Court Opinion

ID: 8810462
Source: CourtListenerOpinion
Date Created: 2022-11-26 15:01:40.980493+00
Date Added: 2024-06-11T17:04:16.219924
License: Public Domain

WARD, Circuit Judge
(dissenting). The relevant language of the agreement is that the Bosch Company shall “describe any starter or starters manufactured under the patents hereby agreed to be sold by the party of the first part in all of the advertisements and printed matter and on all the name plates or in any of the manners or styles of advertising, as the Rushmore starter or the Bosch-Rushmore starter or System Rushmore.” This provision applies naturally, and I think obviously, only to advertisements of the Rushmore starter. I can*469not construe it as requiring the Bosch Company to advertise the Rushmore starter in every advertisement it published of any of its various equipments. I think the Bosch Company did not obligate itself either to sell or to advertise the starter. It owned it, and might prefer to suppress it, or it might i>refer to sell it without advertising, and advertise better or more profitable starters. Unless under this contract complainant could compel the Bosch Company to advertise and sell his starter throughout the three years, he cannot complain of its not advertising it in the 932 advertisements in which it is not mentioned at all, because the company in those advertisements was advertising its own Bosch starter. For what the Marmon Company did in its catalogues the defendant is, as Judge Hand found, not liable, having merely sold the equipment to that company.
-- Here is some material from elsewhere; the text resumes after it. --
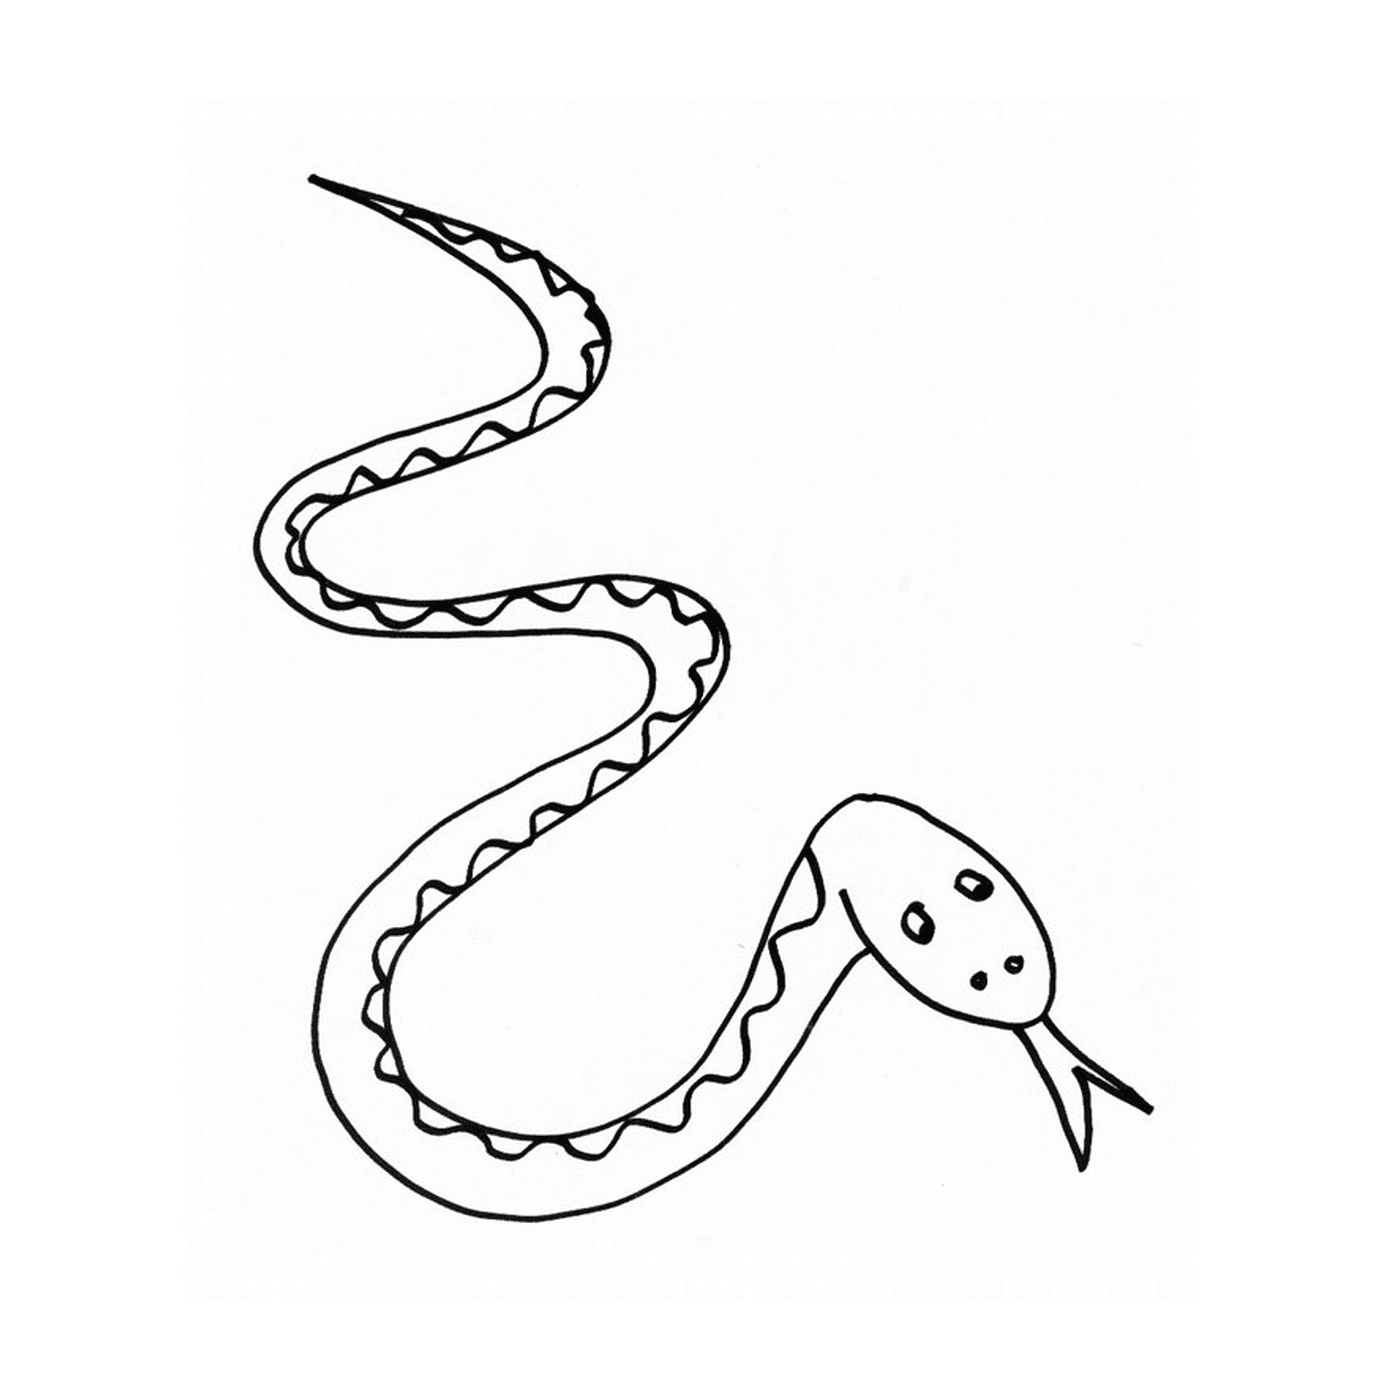  Una serpiente dibujada

But the 50 advertisements in which the defendant inserted the cut of the Rushmore starter, without giving any credit to Rushmore, are plain violations of the contract.
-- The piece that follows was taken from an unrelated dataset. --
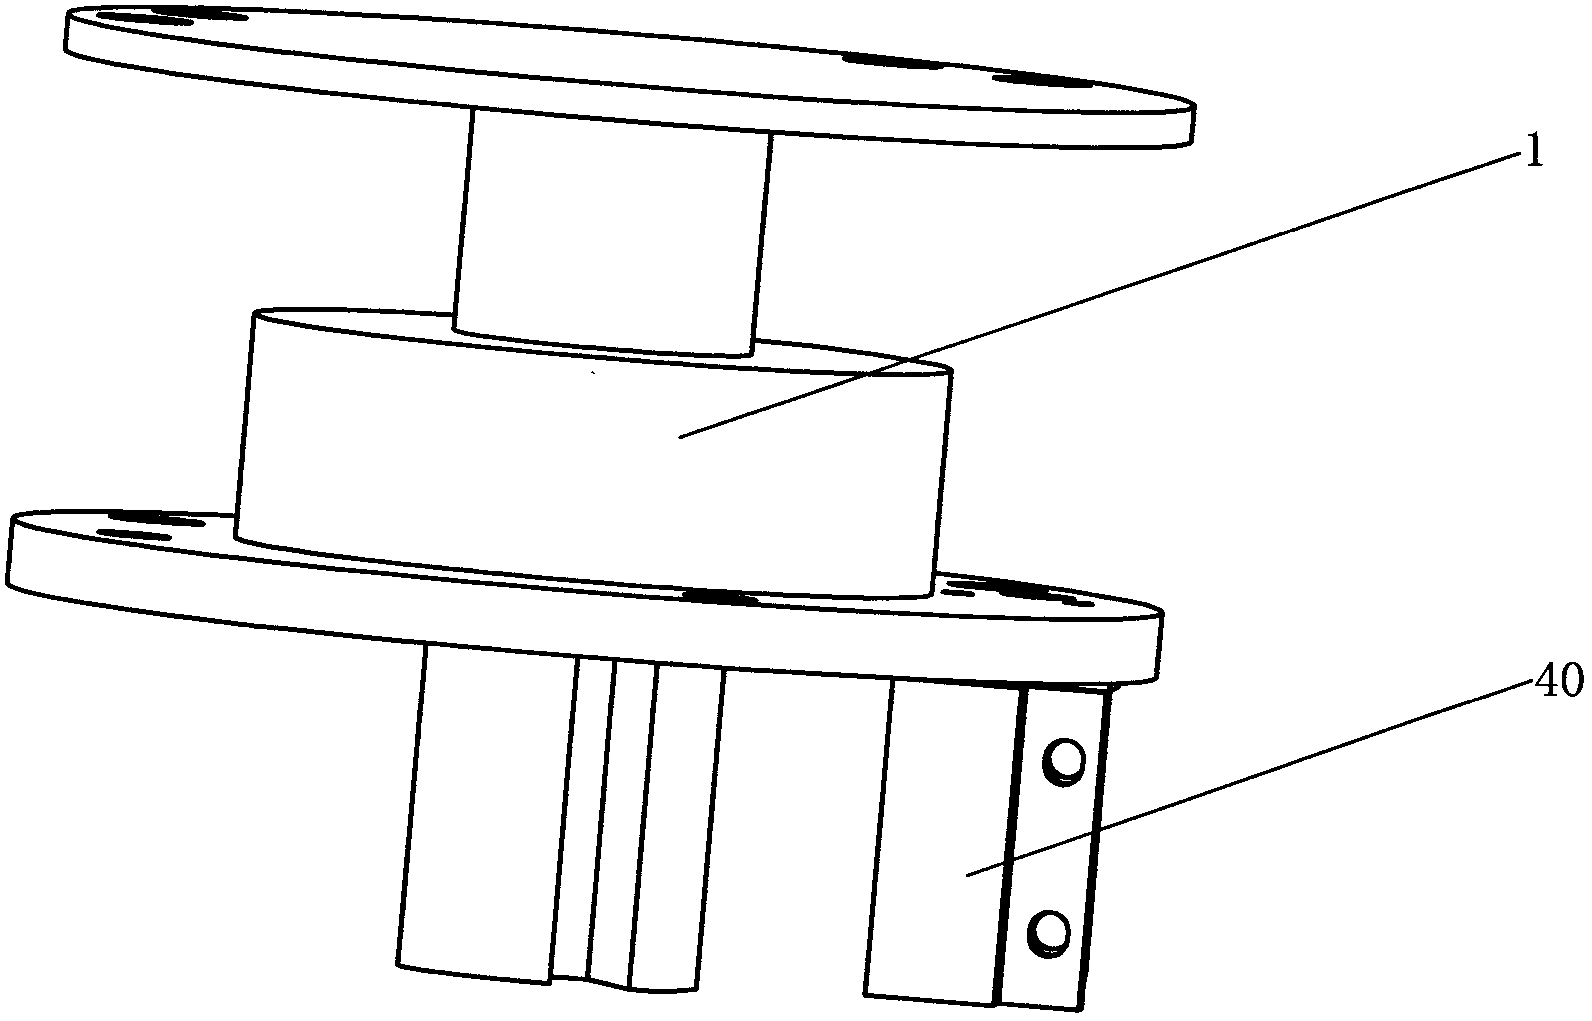 Angle sensor device for bar bending machine

Nor can I regard the payment of $100,000 as liquidated damages. It seems incredible to me that the parties could have; intended that sum to be paid in case of one or of a few violations of the contract or to make no distinction between a violation continued for three years and a violation continued for one week. Cases like Wood v. Niagara Falls Paper Co., 121 Fed. 818, 58 C. C. A. 256, which apportion the damages to the default, as, for instance, $50 a day for each day of delay, are plainly quite different. Furthermore, it is incredible to me that, if Rushmore was entitled to have his starter mentioned in all the defendant’s advertisements of every kind and shape, he made no complaint whatever during the three years throughout which it was hardly ever mentioned. This is strong evidence that he understood the contract to mean that he was to have credit for the starter only in advertisements in which it was mentioned.
I think the judgment should be reversed.